====== EXTRACTED ENTRIES ======
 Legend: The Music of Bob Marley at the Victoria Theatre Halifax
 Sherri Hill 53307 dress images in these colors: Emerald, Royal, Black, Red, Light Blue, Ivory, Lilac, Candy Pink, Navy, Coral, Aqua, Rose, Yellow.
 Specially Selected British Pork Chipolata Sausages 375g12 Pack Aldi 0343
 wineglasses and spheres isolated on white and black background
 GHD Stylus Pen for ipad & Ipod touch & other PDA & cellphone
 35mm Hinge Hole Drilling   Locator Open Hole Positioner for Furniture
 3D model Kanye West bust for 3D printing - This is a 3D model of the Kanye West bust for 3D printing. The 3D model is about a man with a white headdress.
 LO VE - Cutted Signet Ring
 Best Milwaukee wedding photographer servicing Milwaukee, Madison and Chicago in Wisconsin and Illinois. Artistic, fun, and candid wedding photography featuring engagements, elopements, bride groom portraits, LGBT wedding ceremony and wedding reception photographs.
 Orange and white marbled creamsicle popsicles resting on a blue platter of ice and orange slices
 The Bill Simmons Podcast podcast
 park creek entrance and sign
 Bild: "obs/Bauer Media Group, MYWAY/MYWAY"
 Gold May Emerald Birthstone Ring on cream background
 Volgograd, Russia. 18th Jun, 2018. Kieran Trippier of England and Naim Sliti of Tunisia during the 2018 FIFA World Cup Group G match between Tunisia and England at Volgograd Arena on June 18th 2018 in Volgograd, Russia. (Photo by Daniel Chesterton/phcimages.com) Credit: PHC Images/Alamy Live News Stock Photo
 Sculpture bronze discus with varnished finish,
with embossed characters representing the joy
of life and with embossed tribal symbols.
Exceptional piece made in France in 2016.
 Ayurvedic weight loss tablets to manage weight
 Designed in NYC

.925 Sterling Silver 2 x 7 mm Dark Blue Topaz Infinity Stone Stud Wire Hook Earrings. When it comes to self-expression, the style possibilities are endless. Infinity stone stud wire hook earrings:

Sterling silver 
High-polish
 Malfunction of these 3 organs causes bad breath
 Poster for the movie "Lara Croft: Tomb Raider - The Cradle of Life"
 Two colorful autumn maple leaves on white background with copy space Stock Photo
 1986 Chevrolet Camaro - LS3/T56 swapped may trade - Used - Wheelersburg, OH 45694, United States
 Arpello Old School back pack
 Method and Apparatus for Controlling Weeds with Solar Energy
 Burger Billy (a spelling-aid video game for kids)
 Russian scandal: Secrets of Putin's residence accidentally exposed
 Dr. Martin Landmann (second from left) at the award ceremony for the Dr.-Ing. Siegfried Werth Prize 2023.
======
WORK INSTRUCTION: Return only the number of lines in the material with the word "these" in them.

PROBLEM SOLUTION: 2